Dalam perkara ini, Adi Putra memberikan suap Rp 2,3 miliar itu diberikan berhubungan dengan proyek pekerjaan pengerukan alur pelayaran pelabuhan Pulang Pisau, Kalimantan Tengah 2016, pelabuhan Samarindan Kalimantan Timur 2016. Suap itu diberikan karena Antonius telah menyetujui penerbitan SIKK untuk PT Indominco Mandiri, PT Indonesia Power Unit Jasa Pembangkitan (UJP) PLTU Banten dan Kantor Kesyahbandaran dan Otoritas Pelabuhan (KSOP) kelas I Tanjung Emas Semarang yang dilaksanakan PT Adiguna Keruktama.

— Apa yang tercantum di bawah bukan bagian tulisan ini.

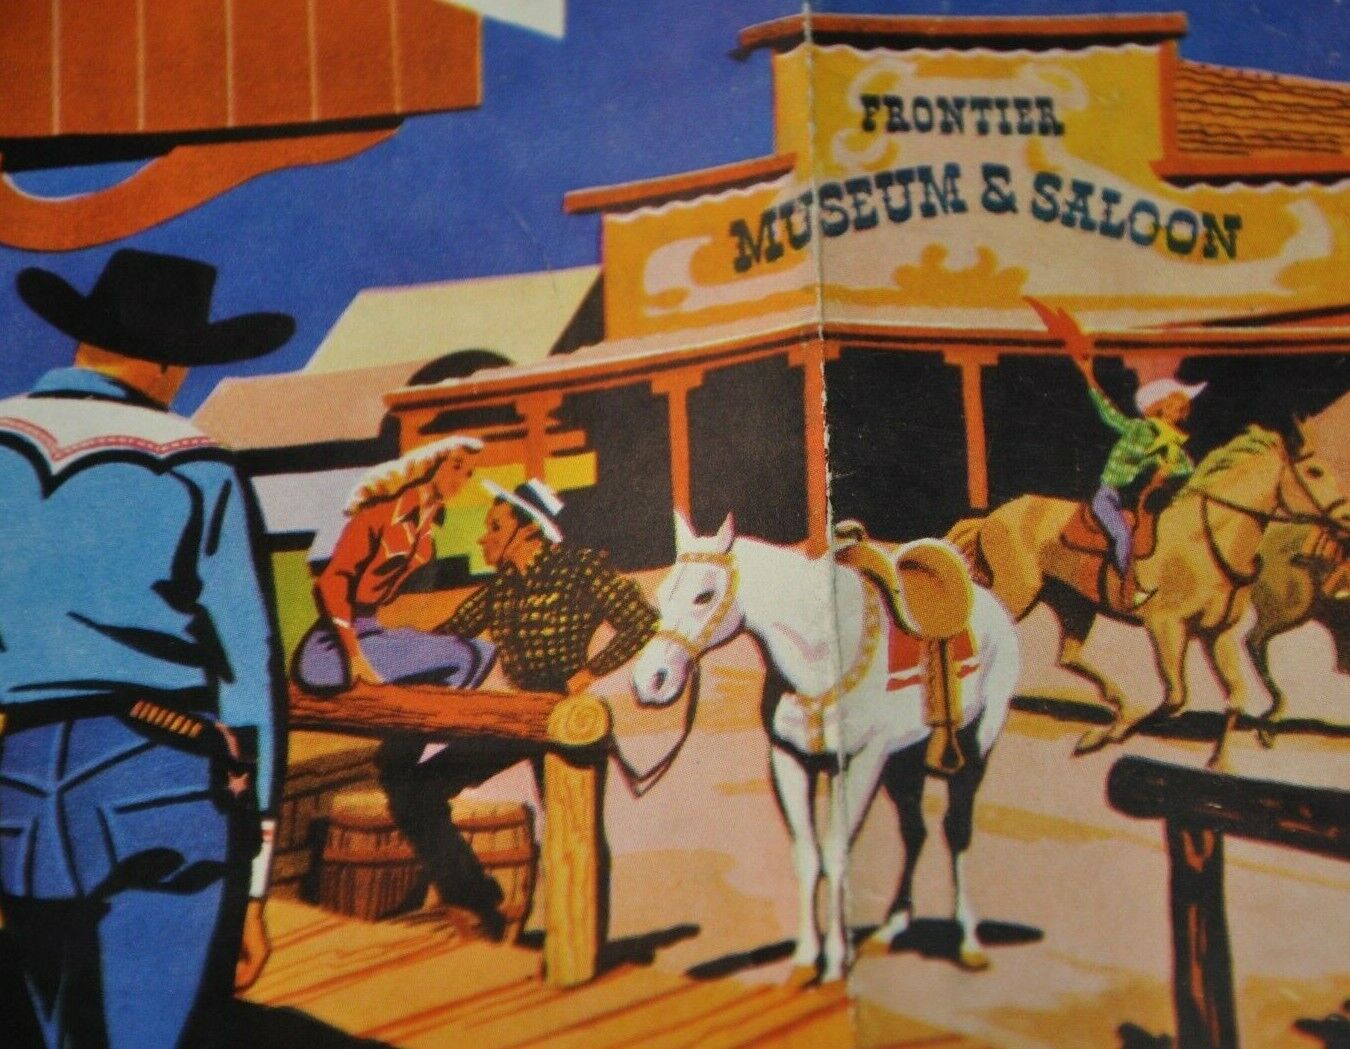 Last Frontier Village Hotel Las Vegas Nevada Promotional Brochure 1960s

Setelah menjadi komisaris, Adi Putra Kurniawan membuka beberapa rekening di Bank Mandiri menggunakan KTP palsu dengan nama Yongkie Goldwing dan Joko Prabowo pada 2015-2016. Adi Putra membuat 21 rekening di bank Mandiri cabang Pekalongan dengan nama Joko Prabowo dengan tujuan agar kartu ATM-nya dapat diberikan kepada orang lain, yaitu anggota LSM, wartawan, preman di proyek lapangan, rekan wanita dan beberapa pejabat di kementerian Perhubungan.